# About this exercise:
Beginning with the line that contains "Kit à semer", reproduce every line through the end of the records below exactly, and leave the pictures out.

Dataset records

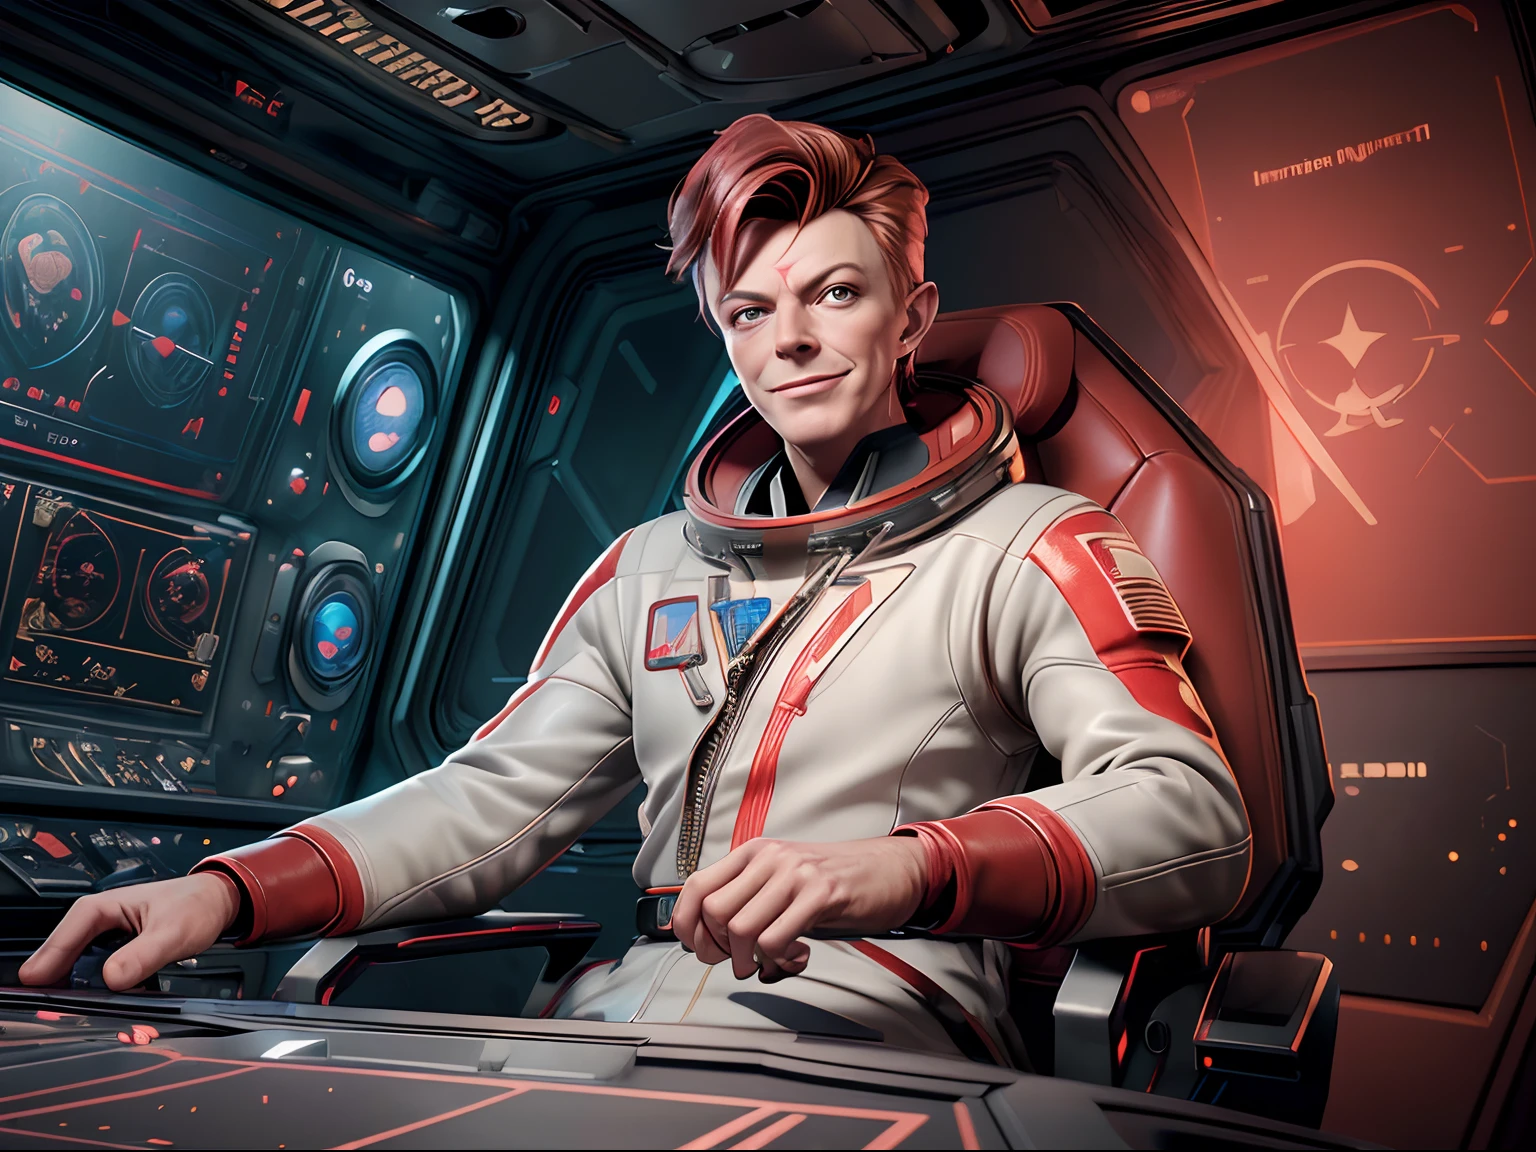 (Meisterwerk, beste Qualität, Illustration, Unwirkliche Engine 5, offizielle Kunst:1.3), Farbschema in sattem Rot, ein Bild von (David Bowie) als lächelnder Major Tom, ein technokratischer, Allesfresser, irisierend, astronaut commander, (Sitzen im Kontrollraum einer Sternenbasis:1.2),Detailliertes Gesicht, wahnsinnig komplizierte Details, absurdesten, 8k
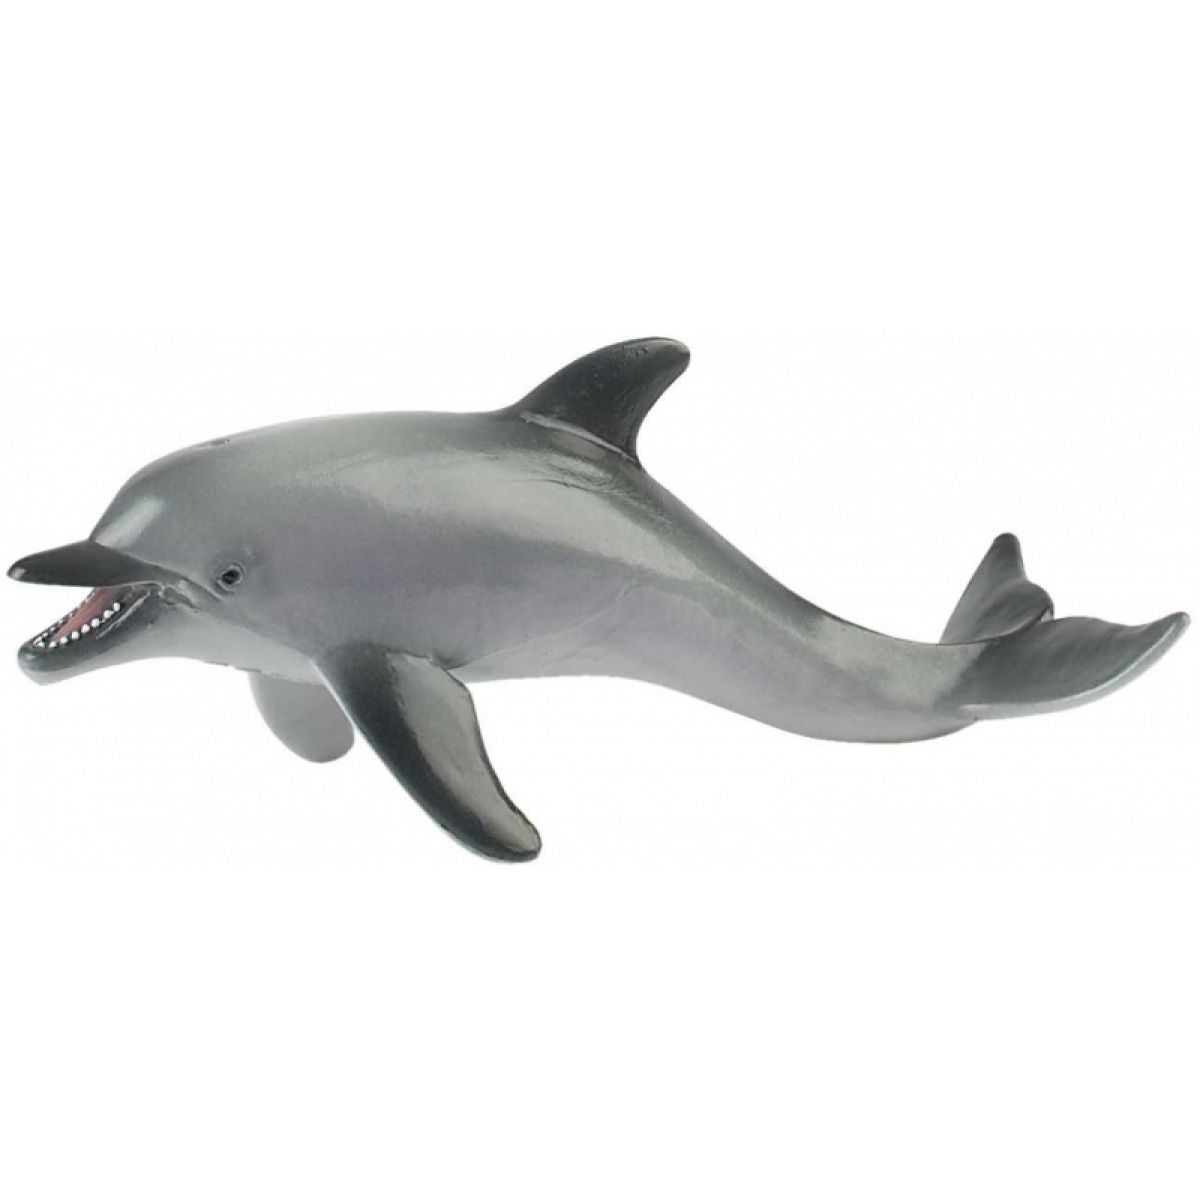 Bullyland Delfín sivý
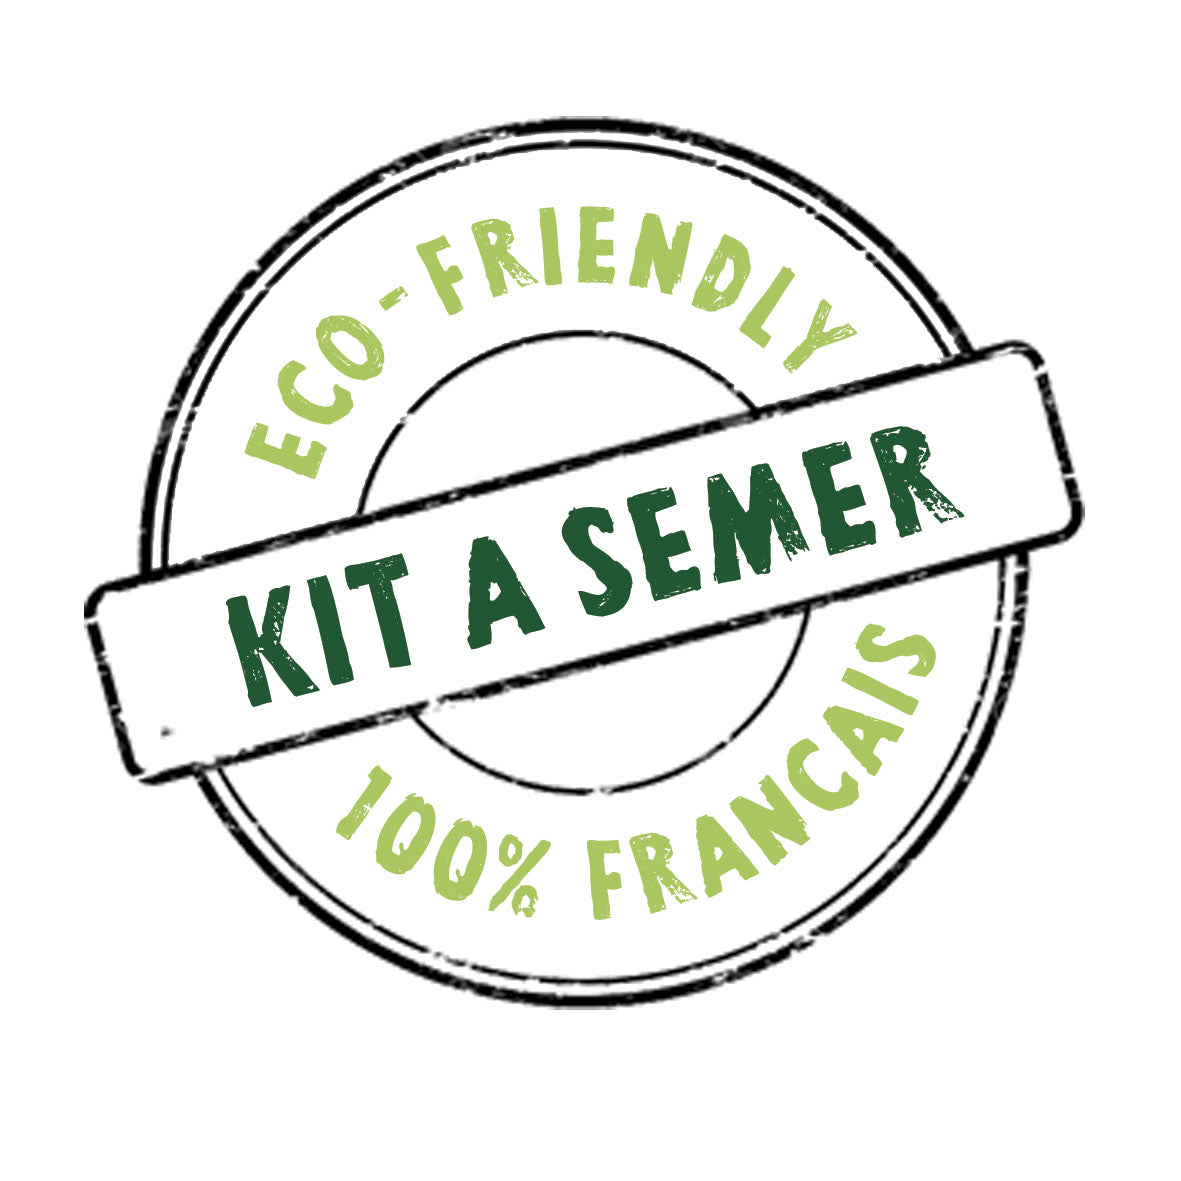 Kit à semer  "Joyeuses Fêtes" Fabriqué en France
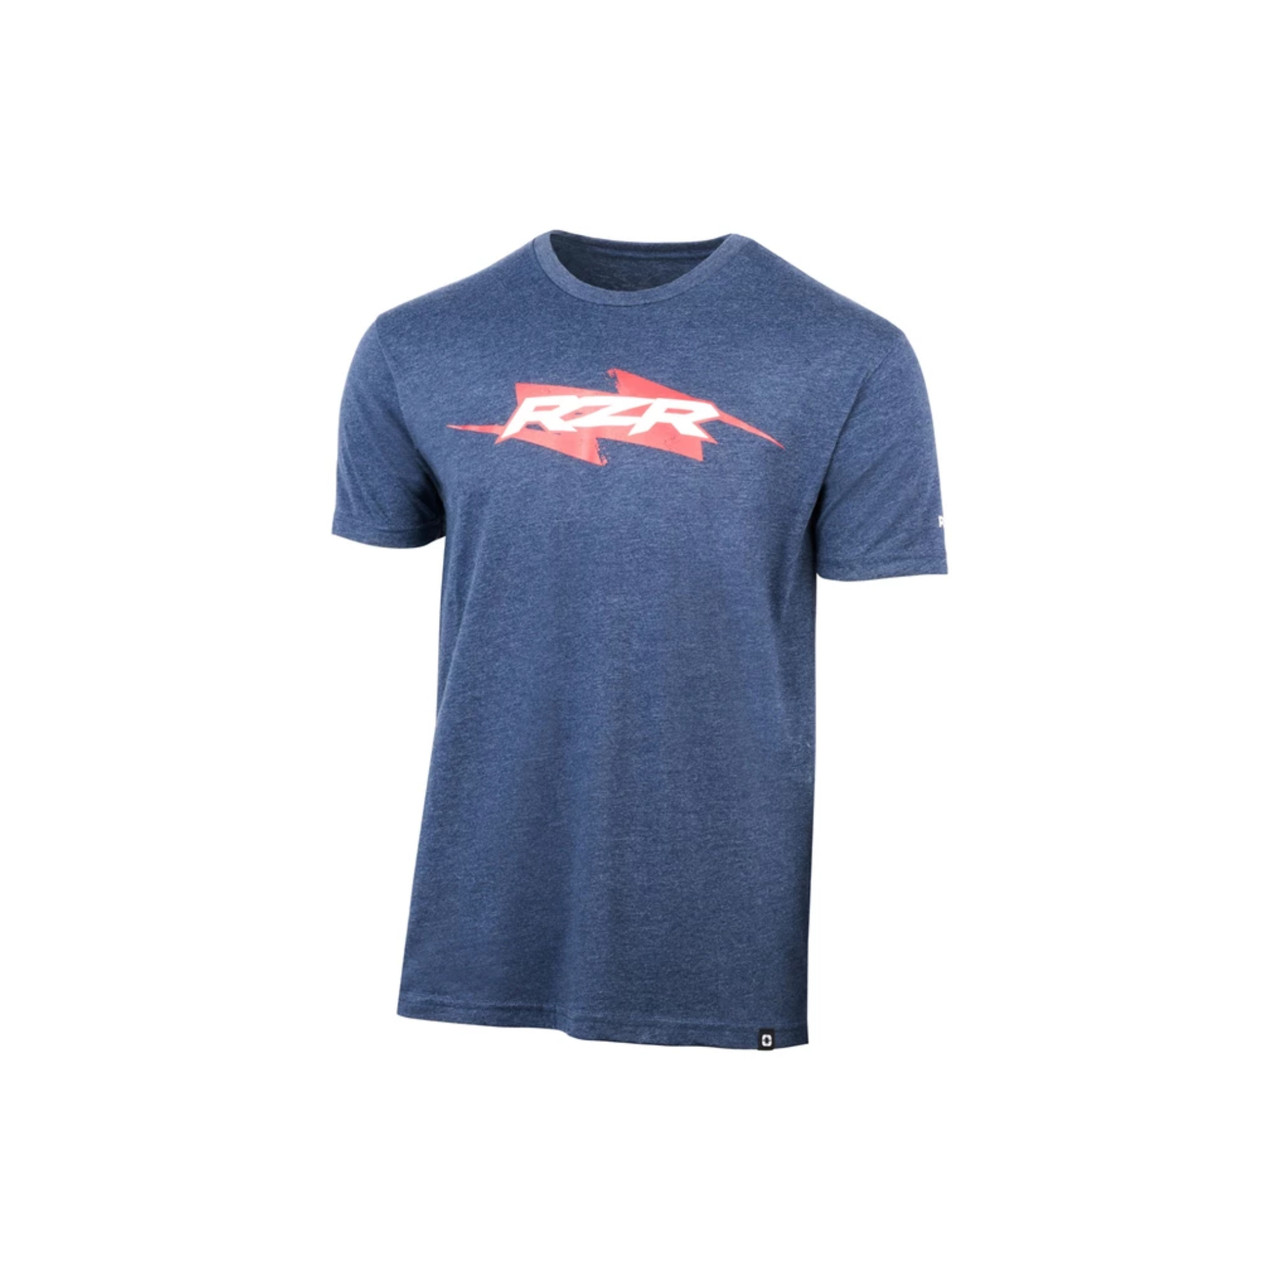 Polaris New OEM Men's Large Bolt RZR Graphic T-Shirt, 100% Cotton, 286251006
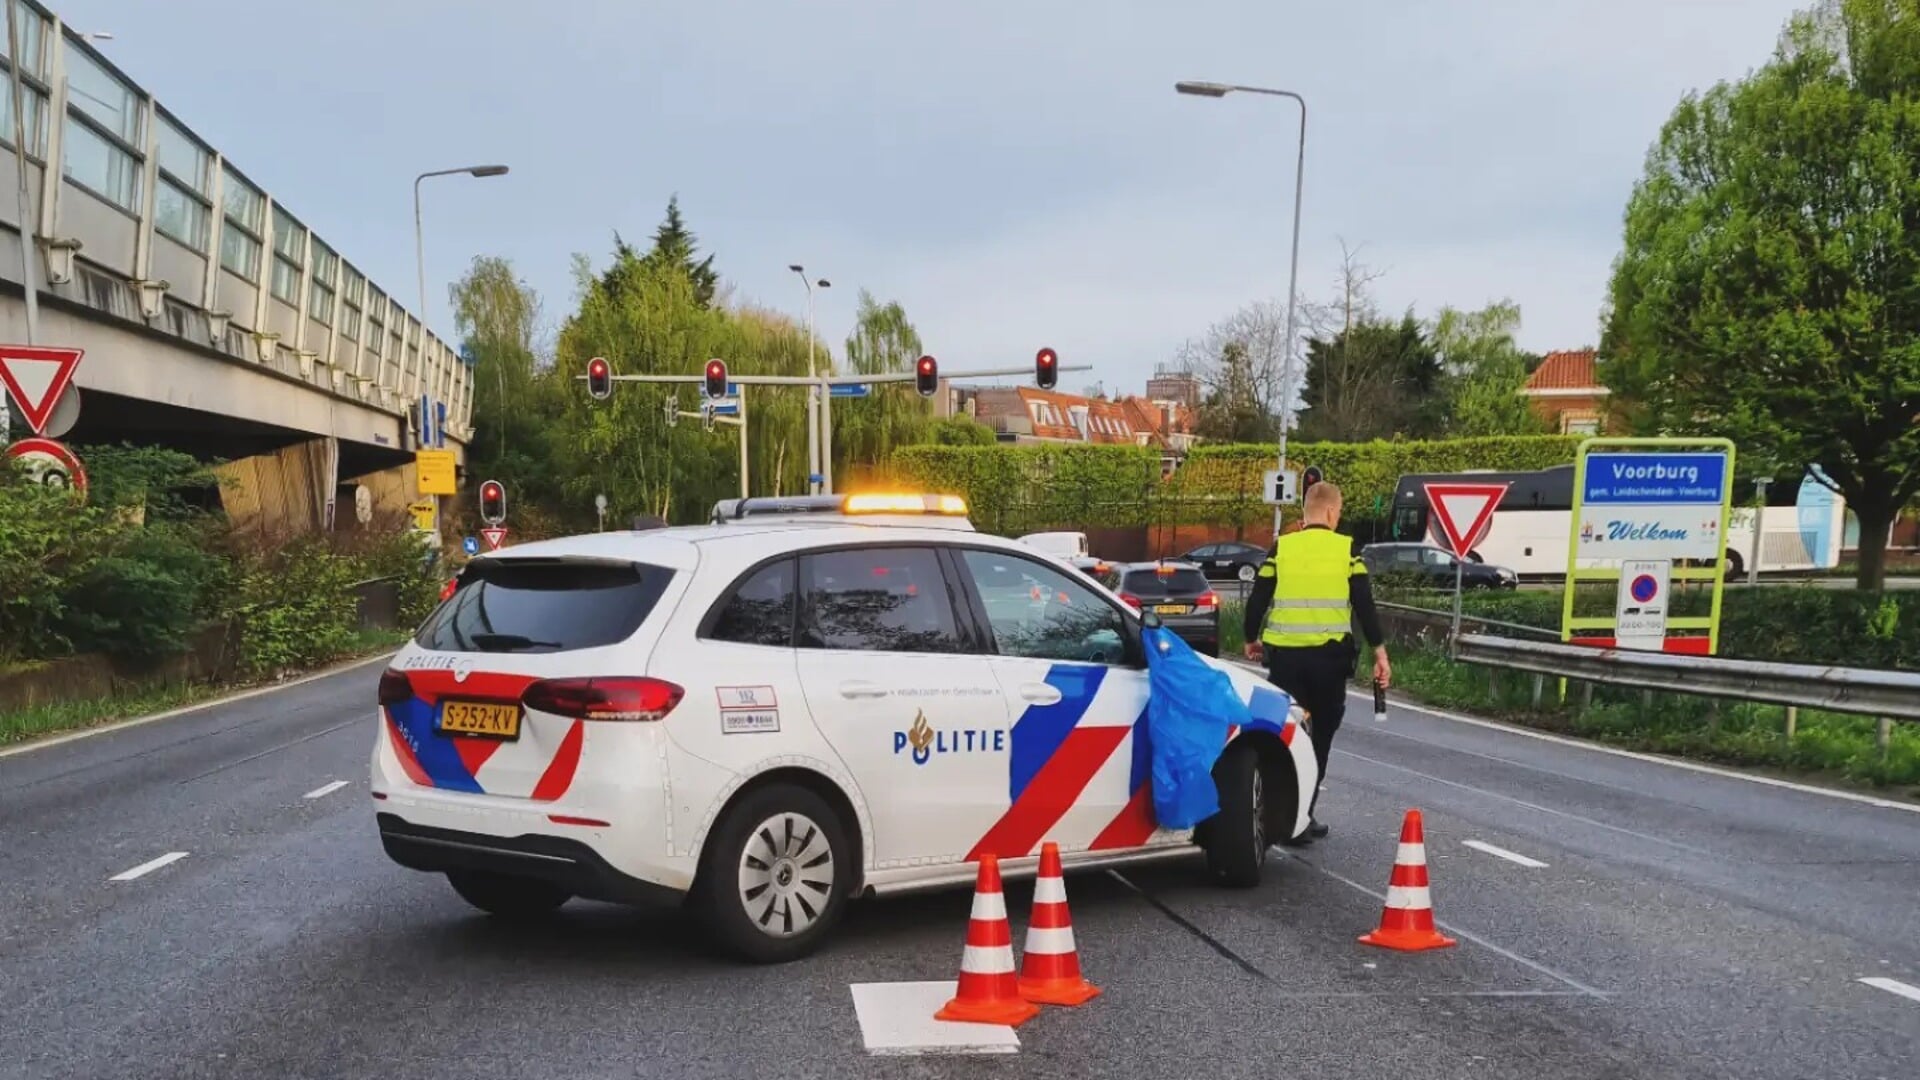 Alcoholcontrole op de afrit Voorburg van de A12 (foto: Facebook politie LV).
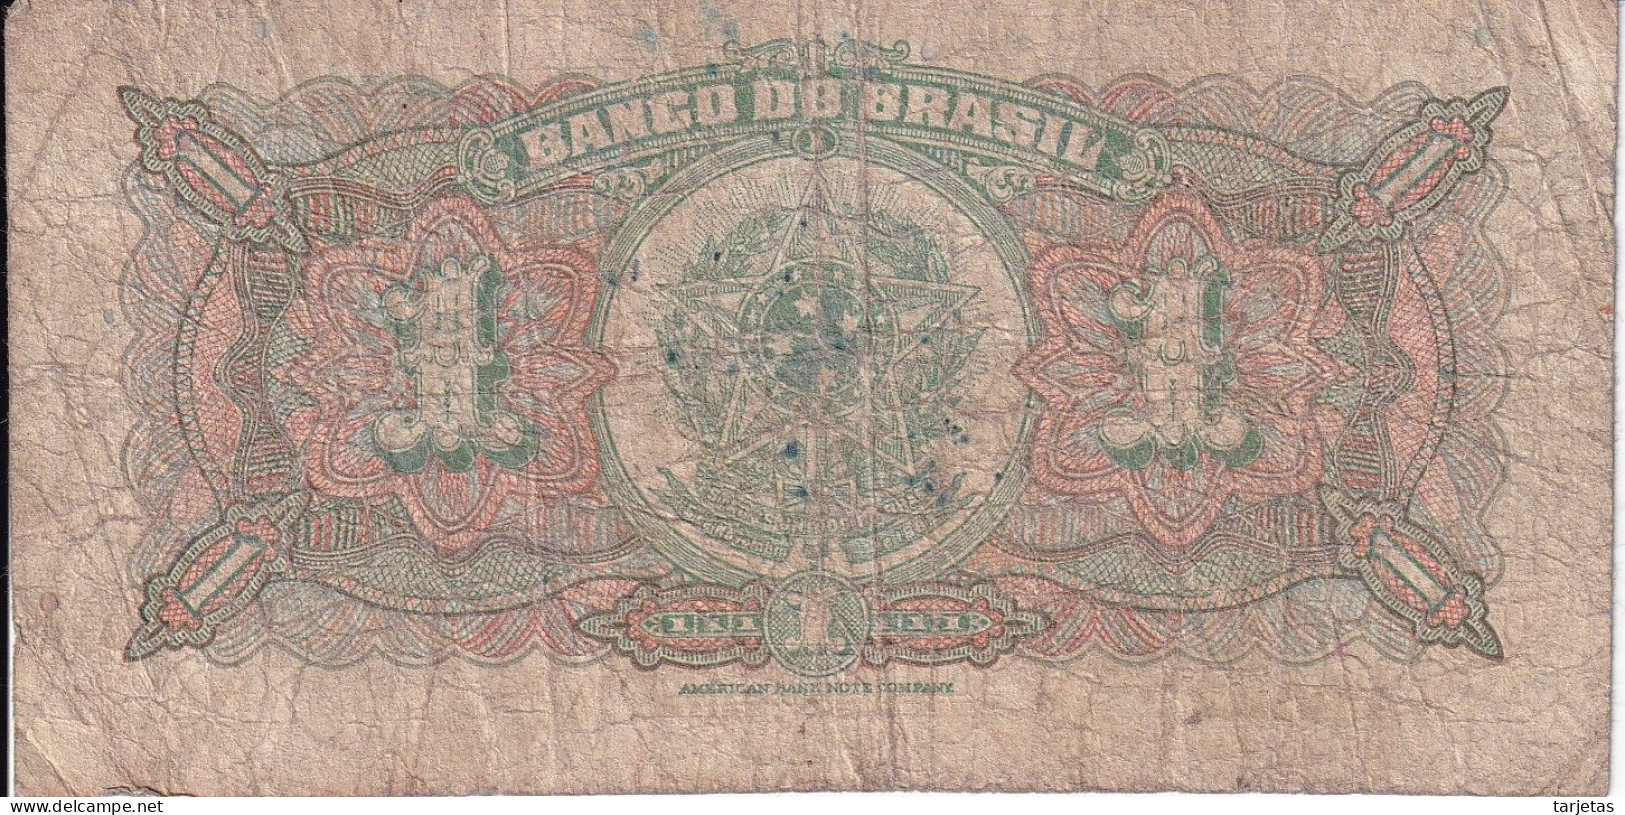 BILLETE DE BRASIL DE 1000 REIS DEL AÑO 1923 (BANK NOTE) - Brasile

# Solution to this problem:
 Kit à semer  "Joyeuses Fêtes" Fabriqué en France
 Polaris New OEM Men's Large Bolt RZR Graphic T-Shirt, 100% Cotton, 286251006
 Alcoholcontrole op de afrit Voorburg van de A12 (foto: Facebook politie LV).
 BILLETE DE BRASIL DE 1000 REIS DEL AÑO 1923 (BANK NOTE) - Brasile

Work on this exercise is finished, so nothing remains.